Mark Pestronk
Mark Pestronk

Q: Our agency is getting into the high-end tour business. We act as the credit card merchant for the program. Retail advisors book our tours by calling in their clients' credit card numbers. I am wondering about how we can protect ourselves from chargebacks by dissatisfied clients. Specifically, is it common or fair for a tour operator to require the advisor to reimburse the operator for a chargeback in case the client successfully disputes the charge?

A: Very few tour operators, resorts or wholesalers require retailers to be liable for chargebacks. However, adding such a requirement to your agreement with each agency may be fair under limited circumstances.

I recommend that you add five required steps to your agency agreements to protect or defend against chargebacks. Only if the agency fails to take them should the agency be liable for the chargeback, and only as a last resort.

First, require the advisor to obtain the client's written authorization for the exact amount of the charge. An email exchange will suffice, but a signed reservation form would be better.

Second, require the advisor to disclose your company's identity so that the cardholder recognizes your name on their credit card statement and doesn't immediately initiate a chargeback request.

Third, require the advisor to get the client's consent to your tour participant agreement, which should contain appropriate disclaimers of liability, refund rules and cancellation penalties. The credit card company will definitely require evidence of this agreement if you are going to try combating any chargeback.

Fourth, require the advisor to cooperate with you once there is a chargeback request so that you can supply appropriate documentation to the credit card company.

Fifth, require the advisor to consent to your contacting the client directly so you can try to settle the matter with the clients if possible.

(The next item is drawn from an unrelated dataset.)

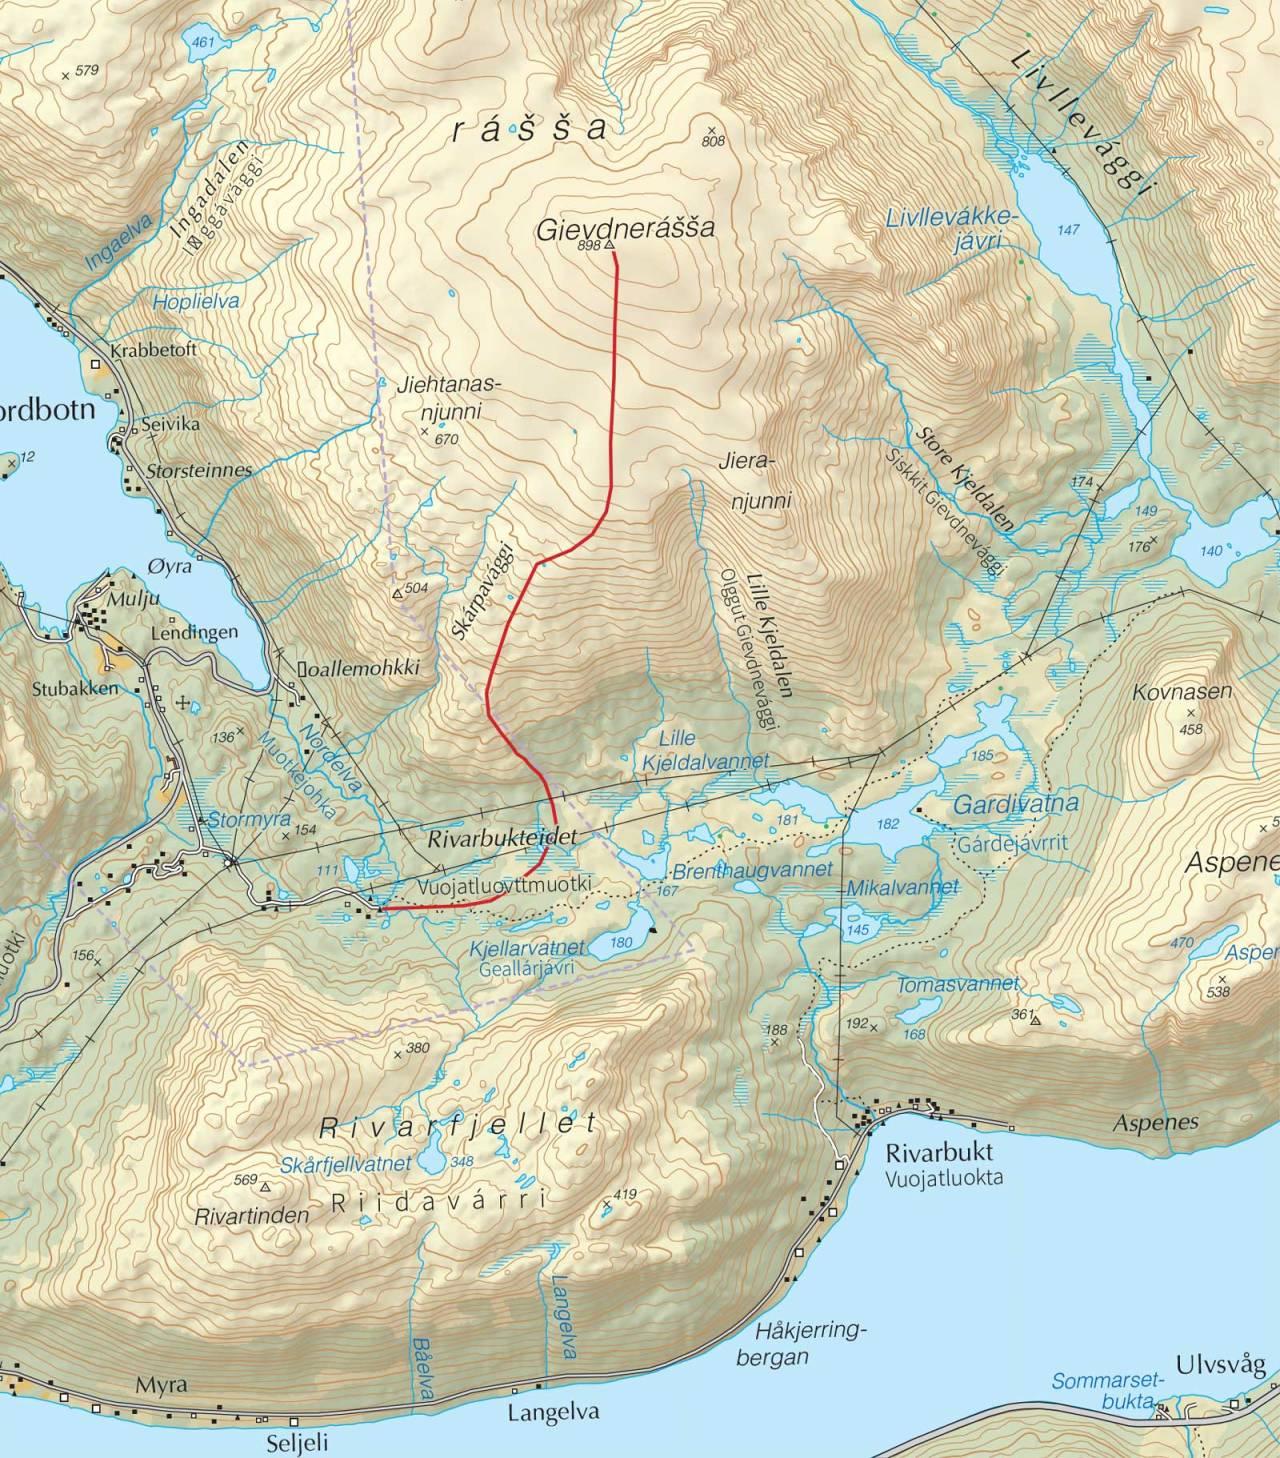 Kart over Gievdenerassa med inntegnet rute. Fra Trygge toppturer.

In many cases, you may be better off settling for a lesser amount that the client will agree to pay.

You can detail these steps in your agreement with the retailer, stating at the end that the retailer will be liable only if it fails to take these steps and if you were not successful in trying to recharge the client's card.

I realize that, as a practical matter, it may be difficult or impossible to collect the amount of the chargeback from the agency. You could require the retailer to keep its own credit card on file as a backup, or you could try to deduct the amount of the chargeback from any future commission payments that the retailer would otherwise earn.

Adding such clauses to your contract could deter some sales, but you may be better off losing an occasional sale rather than risking a chargeback of an expensive tour price.

As an attorney who primarily represents retail advisors, I believe that such an agreement would be reasonable, but I welcome any rebuttal via email or comments left at the bottom of the online version of this column.